Northern California Missions: From San Juan Bautista to San Francisco Solano de Sonoma

Northern California Missions: From San Juan Bautista to San Francisco Solano de Sonoma

Looking for a whopping dose of California state history? There’s likely no better entry point than the missions. Here’s a look at seven of the northernmost missions out of California’s 21, from San Juan Bautista to San Francisco Solano de Sonoma.

Featured Photo: Mission Santa Cruz courtesy of Matt314 via Wikimedia Commons

Mission San Juan Bautista

Photo: Courtesy of Miguel Hermoso Cuesta via Wikimedia Commons

Founded in 1797, Mission San Juan Bautista is the largest church in the mission chain and the only one in continuous service. Located just off Highway 101 between Salinas and Gilroy, the town of San Juan Bautista retains a 19th-century village feel with cute shops and restaurants. The mission complex, a short drive or easy walk from town, sits above a picturesque farming valley, surrounded by the restored buildings of the original city plaza.

What to Do Nearby

Photo: Courtesy of Pma03 via Wikimedia Commons

A two-mile walking trail encompasses both the State Historic Park where the mission is located and Downtown National Historic District. One highlight: The Plaza Hotel, built five years before the mission was founded, once housed Native American converts and laborers for the project and was recently restored.

The mission was badly damaged in the 1906 earthquake that famously decimated San Francisco. Turns out the notorious San Andreas Fault is responsible for the damage in both communities. Look for the historical marker on the mission’s grounds commemorating the Fault’s impact here and in other parts of California.

Where to Eat Nearby

Photo: Courtesy of Jardines de San Juan

Seek out the daily specials at Jardines de San Juan to enjoy on the colorful, well-shaded patio. Sunday means tacos al pastor where three double tortillas are layered with braised pork and pineapple. Any day of the week, the combination plates, like a tamale with shredded beef taco arrives with heaps of beans and rice. You won’t leave hungry.

Where to Stay

Photo: Courtesy of Sanctuary Beach Resort

Perched in the dunes just north of Monterey and steps from Marina State Beach, The Sanctuary Beach Resort is a pet-friendly hotel and spa boasts a heated pool and nightly bonfires. Dont miss the onsite restaurant Salt Wood. Its Monterey seafood-focused (sustainable, of course) and dishes like steamed mussels and chilled local oysters are highlights, though the steak frites is damn good, too.

Fun Fact

Fans of Alfred Hitchcock will recall that the mission was featured prominently in Alfred Hitchcock’s Vertigo in 1958. However, the bell tower in the movie is pure Hollywood.

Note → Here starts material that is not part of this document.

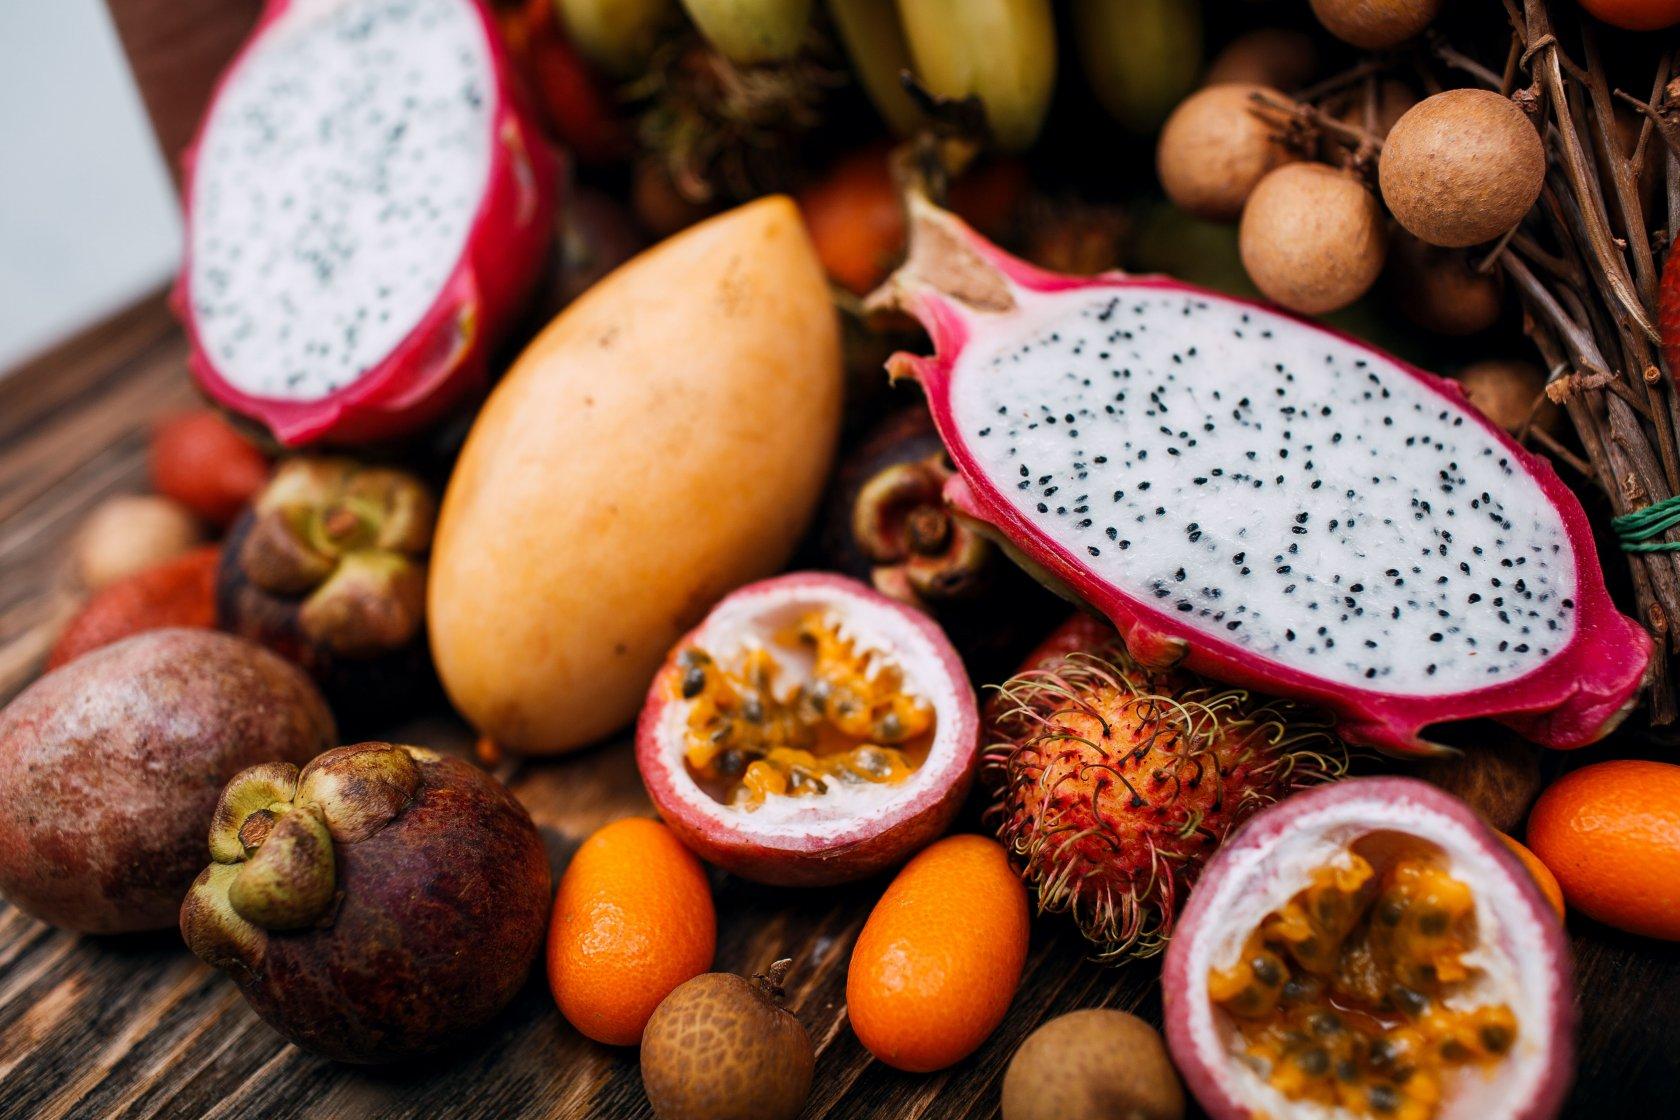 восточные фрукты фото с названиями рождество кругу близких

La Misión de la Exaltación de la Santa Cruz

Photo: Courtesy of Don DeBold via Wikimedia Commons

Now part of a California State Park, the church that is named for the Holy Cross was rebuilt in 1931 after the original 1791 adobe church was destroyed by an earthquake in 1857. Note that the only original building that survived is a single-story residence where mission staff and California Indian residents lived. The current mission includes a gift shop and museum that houses a collection of antique silk vestments sewn with silver and gold thread.

What to Do Nearby

Photo: Courtesy of Ryo China via Unsplash

The Santa Cruz Beach Boardwalk is just two miles downhill from the mission. The Boardwalk hosts California’s best-known and best-loved roller coaster, the Giant Dipper. Get your ya-ya’s out as you whoosh down the coaster before heading to the beach. For a “curiouser” experience, try The Mystery Spot where a tour of the gravitational anomalies is pure infotainment — campy, schticky and punny — that you will either love or gag at. 

Where to Eat Nearby

It’s possible the whole bowl craze started with Charlie Hong Kong, which opened in Santa Cruz in 1998. Many dishes are vegan to which meaty or fishy options can be added. You can’t go wrong with Charlie’s Chow Mein or King Salmon Teriyaki Rice Bowl. Ask for extra sauce — so good.

Where to Stay

Photo: Courtesy of Dream Inn

Located on the quiet side of Santa Cruz Beach, Dream Inn Santa Cruz is within easy walking distance of the boardwalk and is steps from the beach. The pool has beach views, too.

Fun Fact

The history of the bells and the bell markers on el Camino Real, the walking route between the missions of Alta California, can now be experienced online. 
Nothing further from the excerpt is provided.